Algebraic aspects of solving Ring-LWE, including ring-based improvements in the Blum-Kalai-Wasserman algorithm
This addresses cryptographic security analysis for lattice-based schemes, offering incremental improvements in efficiency for practical Ring-LWE parameters.
The paper tackles the Ring-LWE problem by proposing Ring-BKW, a variant of the Blum-Kalai-Wasserman algorithm that leverages ring structure to reduce it to subring problems, eliminating the need for back-substitution and enabling parallelization, with methods to cut table sizes, samples, and runtime.

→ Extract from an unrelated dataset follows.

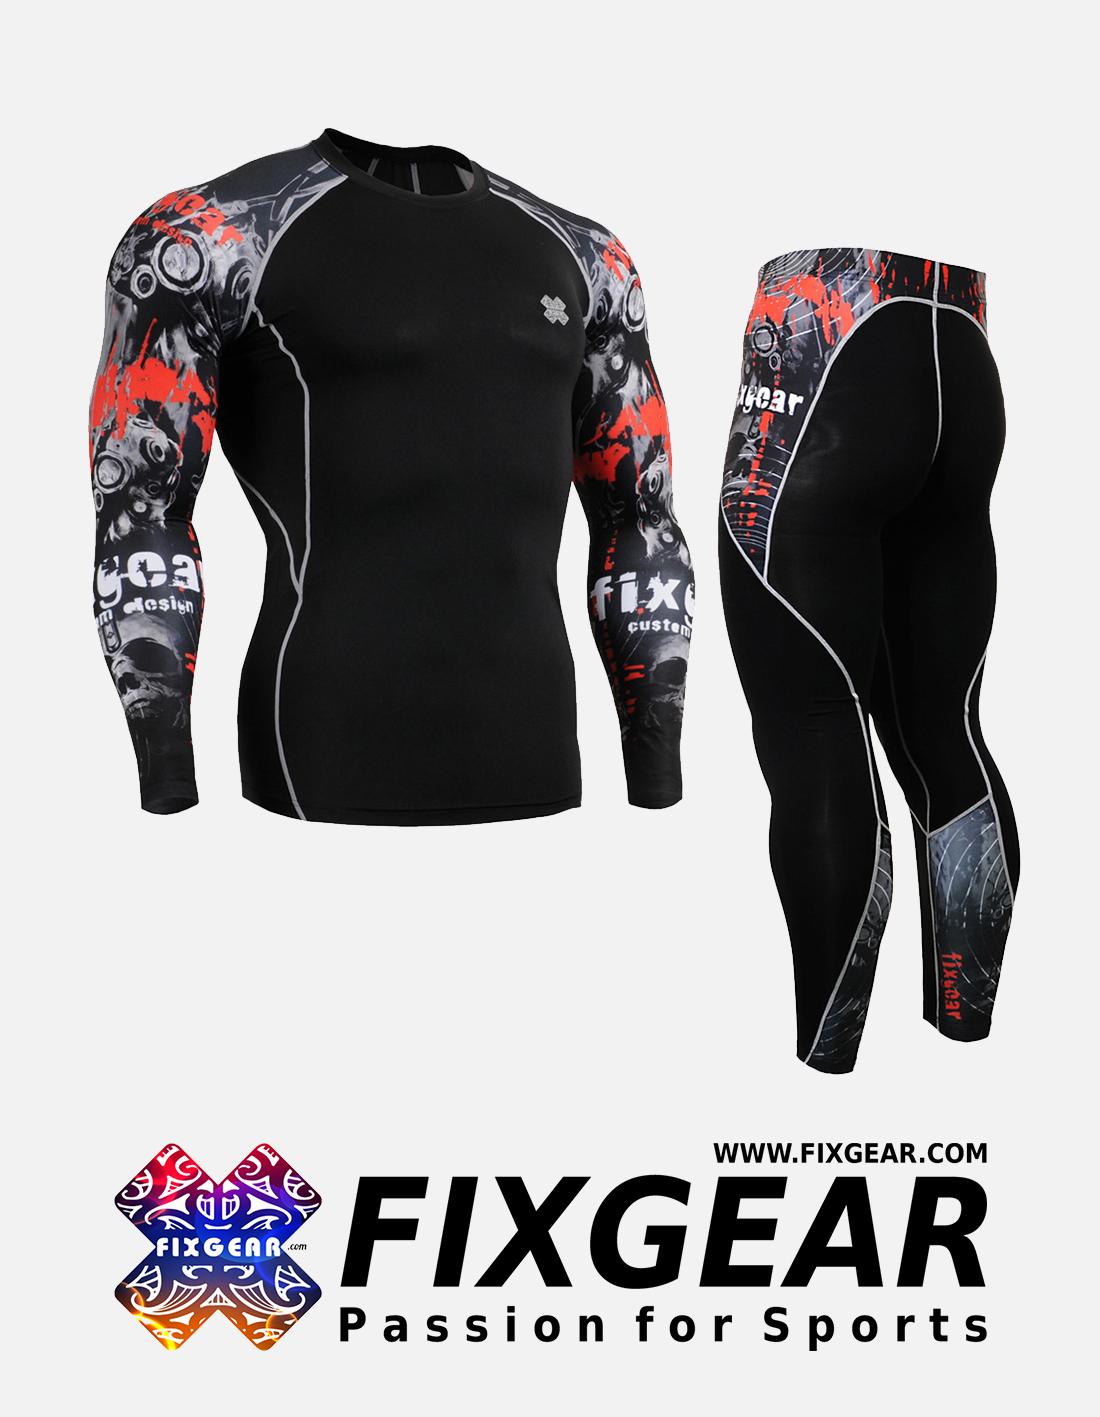 FIXGEAR CPD-P2L-B30 Set Compression Base Layer Shirt & Legging Pants

We provide a reduction of the Ring-LWE problem to Ring-LWE problems in subrings, in the presence of samples of a restricted form (i.e. $(a,b)$ such that $a$ is restricted to a multiplicative coset of the subring). To create and exploit such restricted samples, we propose Ring-BKW, a version of the Blum-Kalai-Wasserman algorithm which respects the ring structure. Off-the-shelf BKW dimension reduction (including coded-BKW and sieving) can be used for the reduction phase. Its primary advantage is that there is no need for back-substitution, and the solving/hypothesis-testing phase can be parallelized. We also present a method to exploit symmetry to reduce table sizes, samples needed, and runtime during the reduction phase. The results apply to two-power cyclotomic Ring-LWE with parameters proposed for practical use (including all splitting types).